25506 – XCloseable::close() (Java) hang the Java application in certain situations.

Issue 25506 - XCloseable::close() (Java) hang the Java application in certain situations.

Summary: XCloseable::close() (Java) hang the Java application in certain situations.

Status:	CLOSED NOT_AN_OOO_ISSUE

Alias:	None

Product:	App Dev
Classification:	Unclassified
Component:	api (show other issues)
Version:	3.3.0 or older (OOo)
Hardware:	All Windows XP

Importance:	P3 Trivial
Target Milestone:	---
Assignee:	Giuseppe Castagno (aka beppec56)
QA Contact:	issues@api

URL:
Keywords:	oooqa

Depends on:
Blocks:

Reported:	2004-02-15 15:37 UTC by Giuseppe Castagno (aka beppec56)
Modified:	2017-05-20 09:32 UTC (History)
CC List:	1 user (show)

See Also:
Issue Type:	DEFECT
Latest Confirmation in:	---
Developer Difficulty:	---

Attachments
Java app code document and description to reproduce (689.37 KB, application/octet-stream) 2004-02-15 15:40 UTC, Giuseppe Castagno (aka beppec56)	no flags	Details
Add an attachment (proposed patch, testcase, etc.)
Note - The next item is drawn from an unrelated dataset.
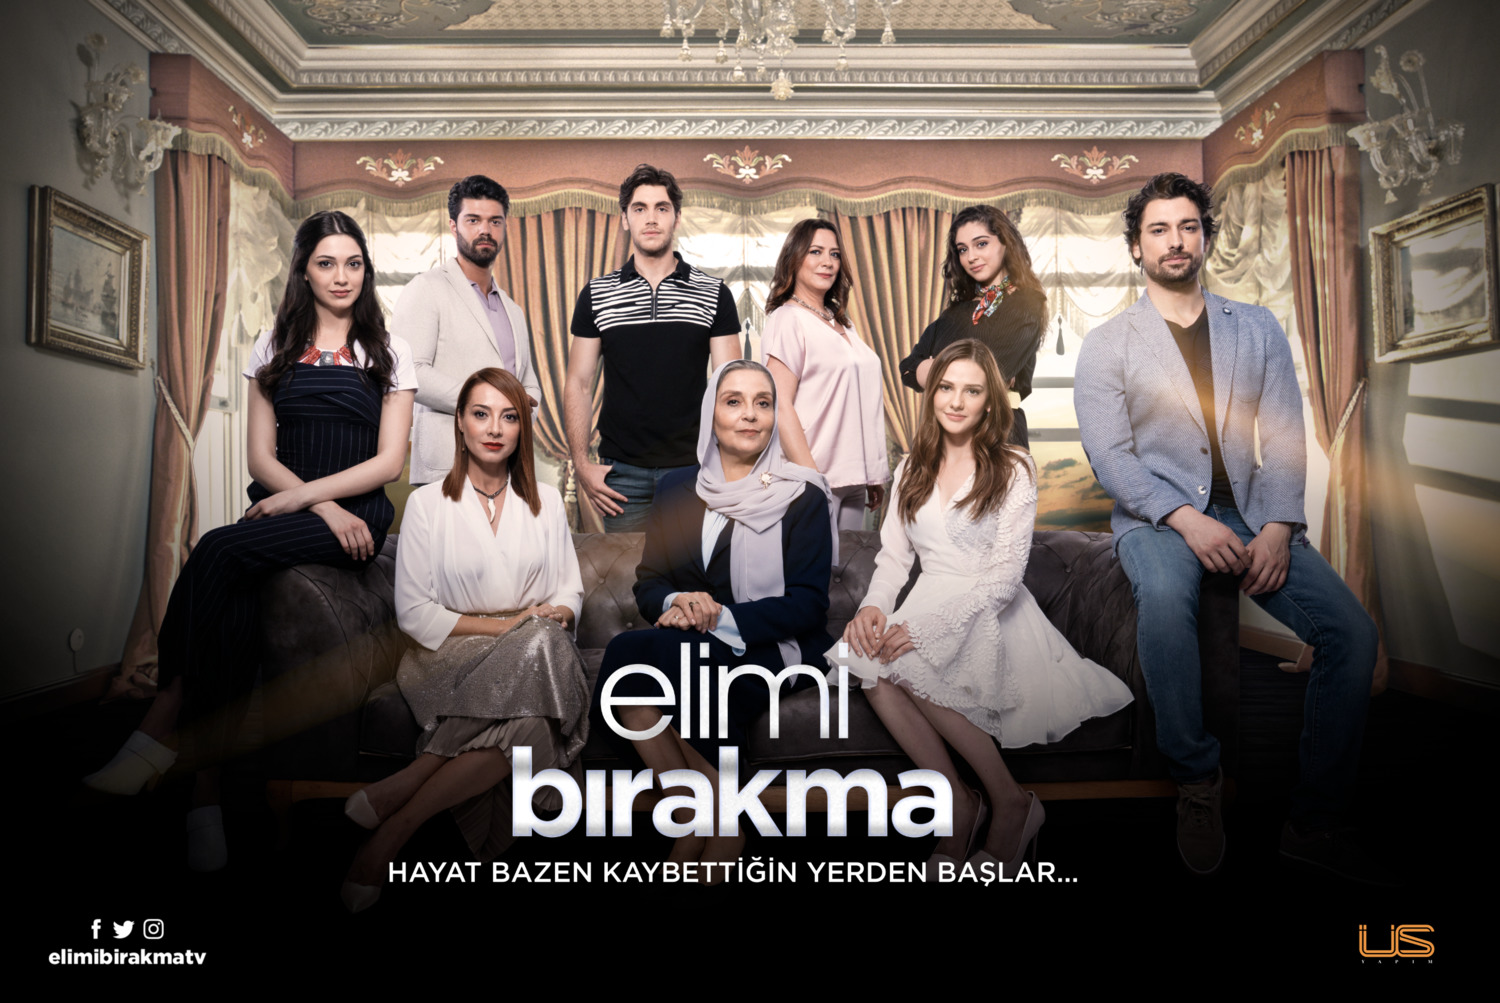 Extra Large TV Poster Image for Elimi birakma (#5 of 20)

Note You need to log in before you can comment on or make changes to this issue.

Description Giuseppe Castagno (aka beppec56) 2004-02-15 15:37:24 UTC

This happens after heavy automated work on jumping back and forth on hyperlinks.

OO build: 645m27s2(build:8739)

It seems a duplicate of  Issue 23706, but I use close() in what I think is the
right way
(see my Java code for details).

OS: Windows XP Professional SP1 English, PC with 512 mb ram.

To reproduce the behaviour you need the Java application I used, this will
generate the information needed
by Ghostscript to build a PDF file with hyperlink intact.

Other stuff needed: Java SDK 1.4.1_07, Java RE 1.4.1_07, NetBeans 3.5.1, the
provided zip file containing
the Java application source (under GPL) and a sxw file used to test.
To carry out the test Ghostscript is not needed.

Istruction on how to reproduce it and the Java code are in the file
reproduce.txt in the provided OOPdfBuilder.bug.zip.

This behavior doesn't show up with the same intensity in build 645m19(Build:8693).

Comment 1 Giuseppe Castagno (aka beppec56) 2004-02-15 15:40:50 UTC

Created attachment 13143 [details]
Java app code document and description to reproduce

Comment 2 ooo 2004-02-16 09:49:00 UTC

forwarding to responsible developer

Comment 3 andreas.schluens 2004-02-16 10:43:04 UTC

This task is duplicate to #i14397#. Such deadlock bugs will be fixed for target
OOo 2.0 in general.

The problem in your code: you dont use the "wait" parameter for your print()
requests and close it afterwards - but ignore the exception.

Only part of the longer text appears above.